Best edge control for styling
This product promises to “feel like gel, hold like glue,” a claim Monique confirms. She says this is the “strongest gel hold” among the formulas she’s tried, which is why it’s best for “doing FKA twigs–style baby hairs” or similarly dramatic styles, Kennard adds. It goes on clear, and according to Monique, “it’s a nonsticky formula that will keep your edges in place all night long.”
Best edge control for kids
Not only does Monique think Curls Blueberry Bliss Curl Control Paste is “great for wavy, curly, very curly, and even kinky textures,” but she also says it’s safe to use on children since it’s “not too harsh.” Like the Design Essentials edge tamer, this paste is silicone-, sulfate-, paraben-, and fragrance-free — and it’s also formulated with organic blueberry extract to create a “delicate, edible-like fragrance” that Monique loves. Even with the kid-friendly scent and gentle ingredients, she says it’s strong enough to help her style braids and sleek ponytails on adults, too.
Best edge control for thinning edges
If your edges have been snatched or your hairline is thinning, the recommendation from our experts is to focus on nourishing the hair with oils and avoid any harsh products. “I like pumpkin seed oil and jojoba oil,” says Kahh Spence, stylist to Ella Mai and Kehlani, because “they help to moisturize and feed the hair, as well.” You should also avoid certain styles while growing your hair back. “Make sure you’re not putting too much tension on the edges if they are thinning, meaning no tight ponytails and no braiding in those areas,” he continues. “You want to make sure it’s as loose as possible in those areas, because the more tension you put in it, the faster they are going to thin.”
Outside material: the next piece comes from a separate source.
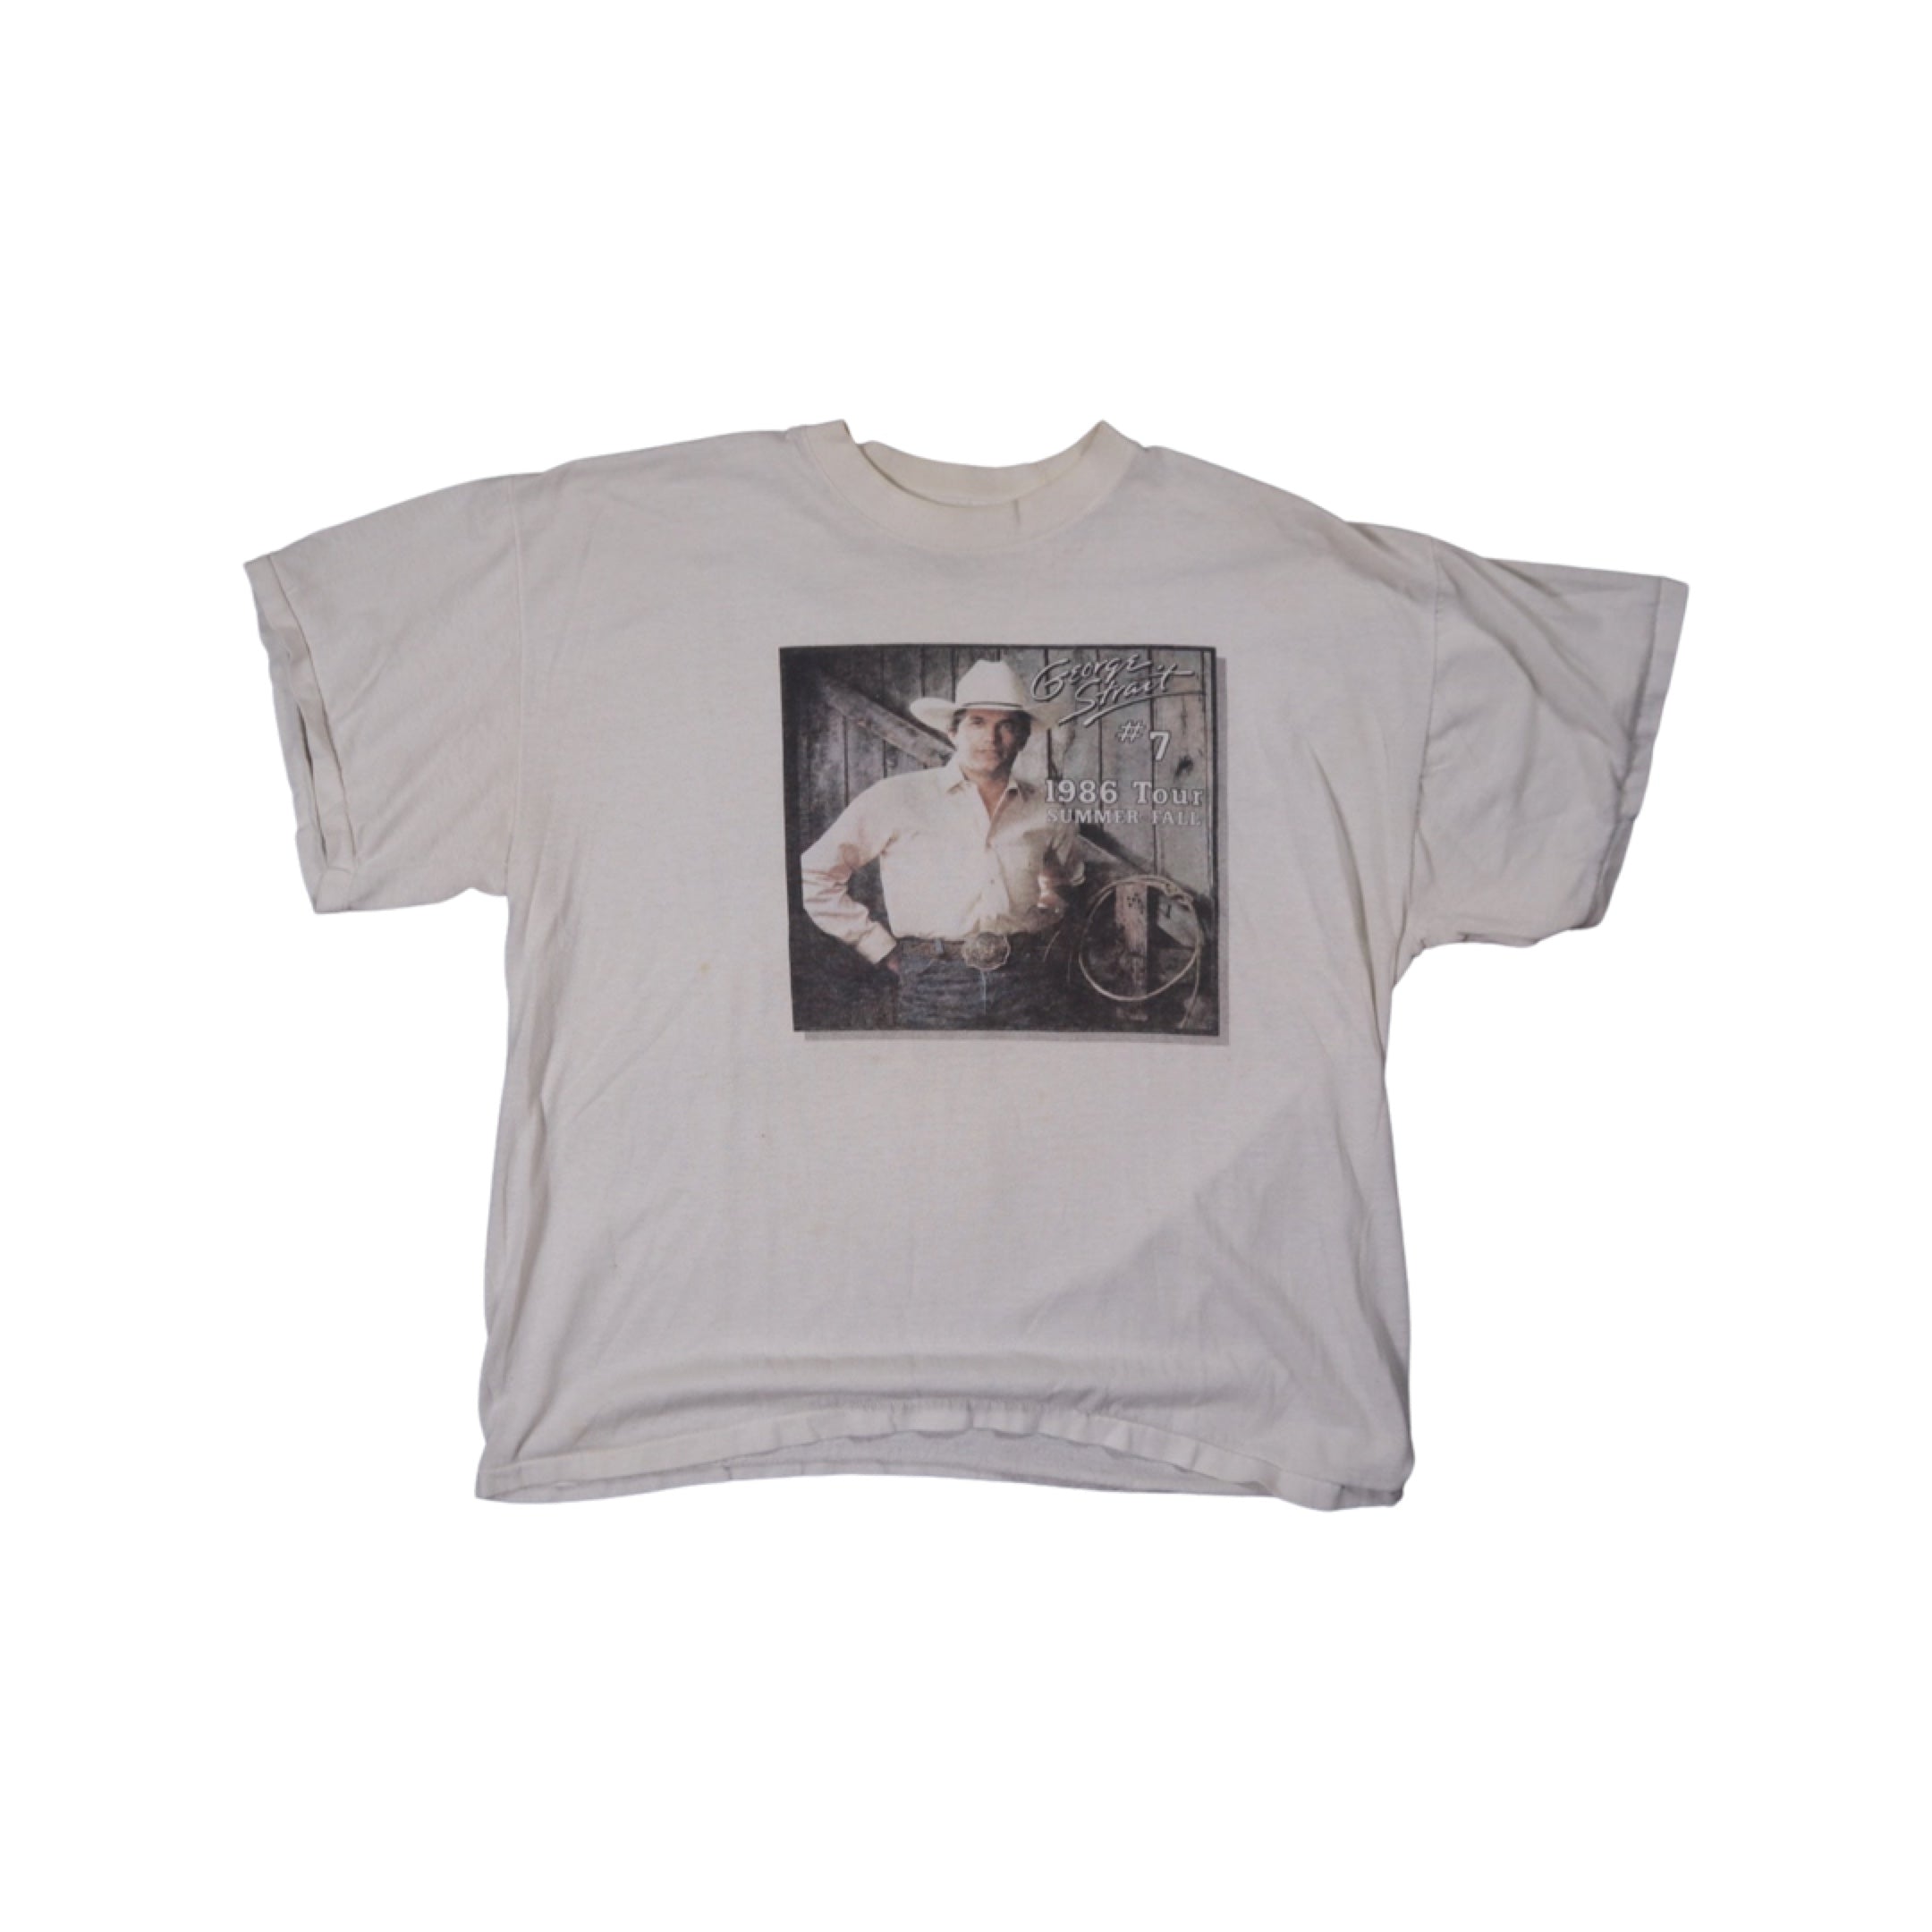 George Strait 1986 Tour T-Shirt Grail (Medium)
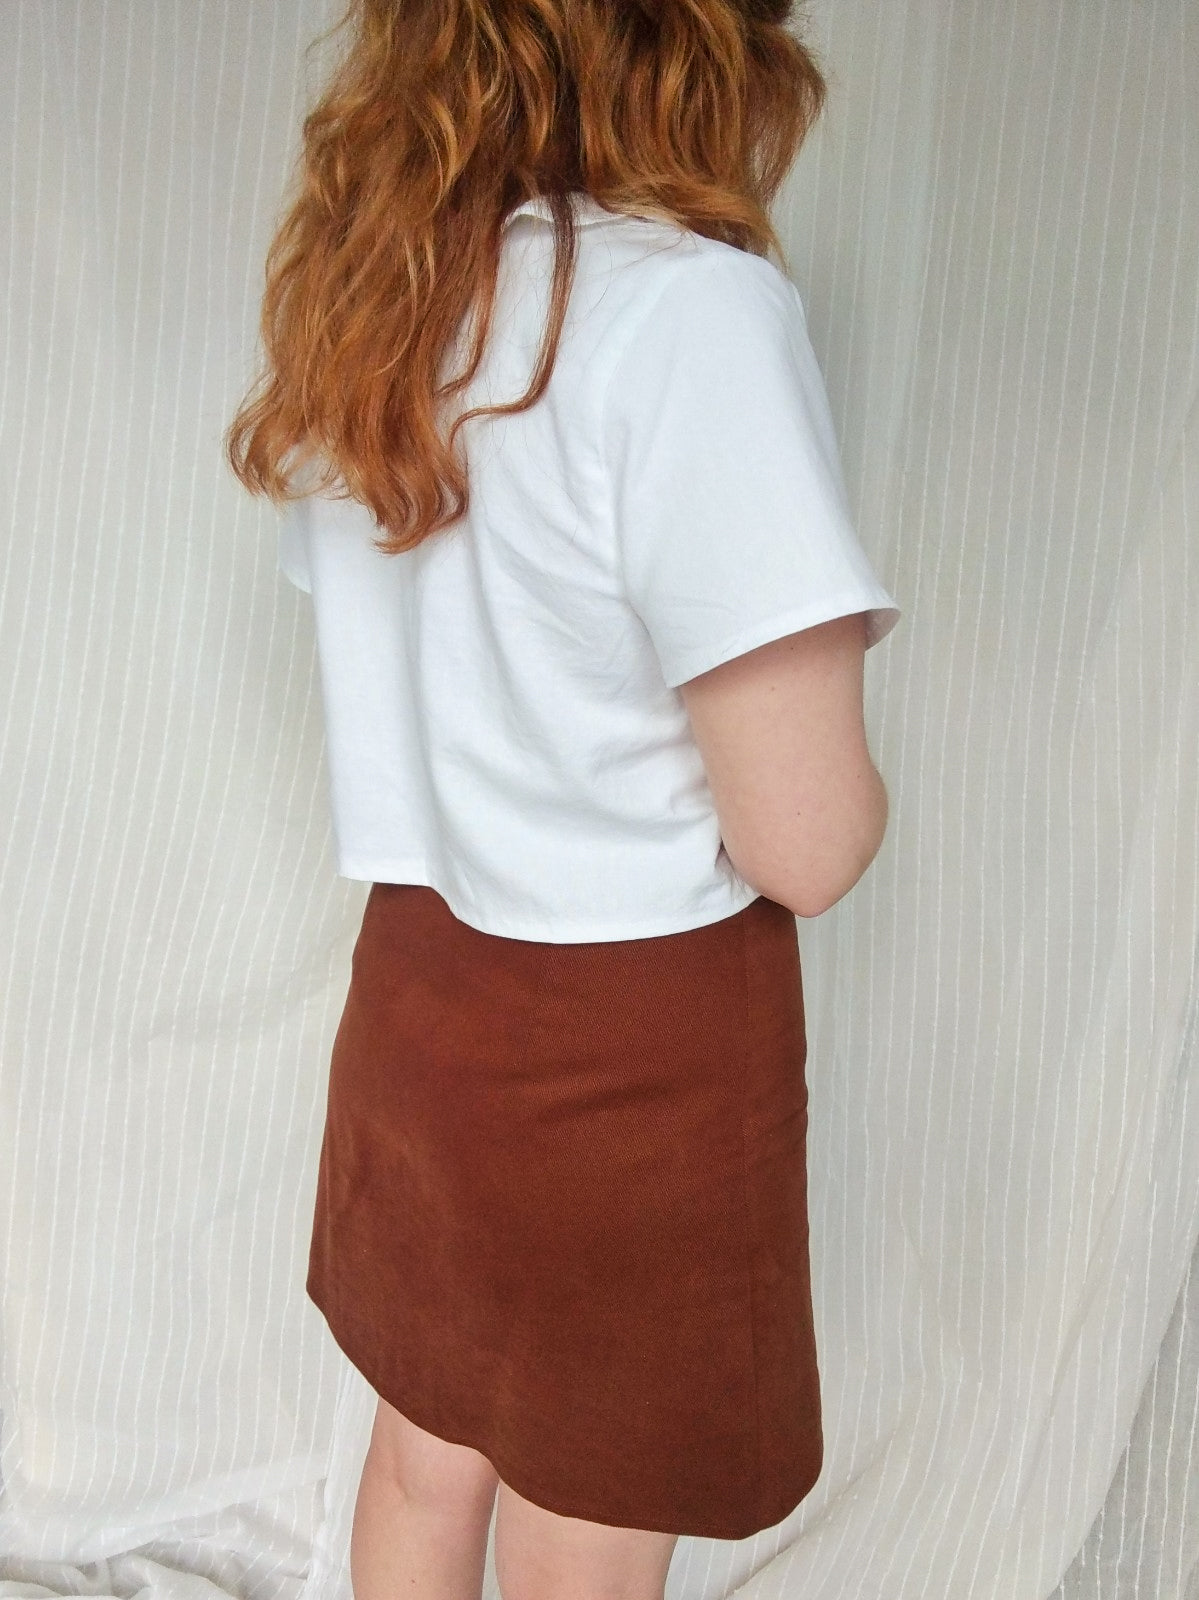 Marais Mini Skirt

If you are going to use an edge control on your thinning edges, Spence suggests “lightly moisturizing and massaging the hairline with peppermint or lavender oil prior to using any edge control on thinning hair.” As for what edge control to use, Christopher recommends Instant Control Edge & Braid Gel Max because it’s lightly tinted, “so when you apply it to the hair, it makes your hair look a little bit fuller,” he says.
Best edge control alternative
Spence’s favorite edge control “surprisingly isn’t technically an edge control” at all, he says. The OGX Natural Finish + Aspen Texture Molding Paste is typically used to tame flyaways, but Spence says it’s good for edges because it “works for all hair textures and because it’s able to lay down hair and dries matte.” He also likes that it is water-based. “You want to make sure that whatever you’re using is not only going to lay down the edges but is also good for your hair,” he says, adding that “you don’t want to put too much oil on your hair,” especially around your hairline because it’ll cause breakouts. Because this is a texturizing paste and not a more traditional edge control, it won’t give you a shiny finished look, so Spence likes to add a touch of oil at the end of styling. “I still like to see some sort of shine,” he says.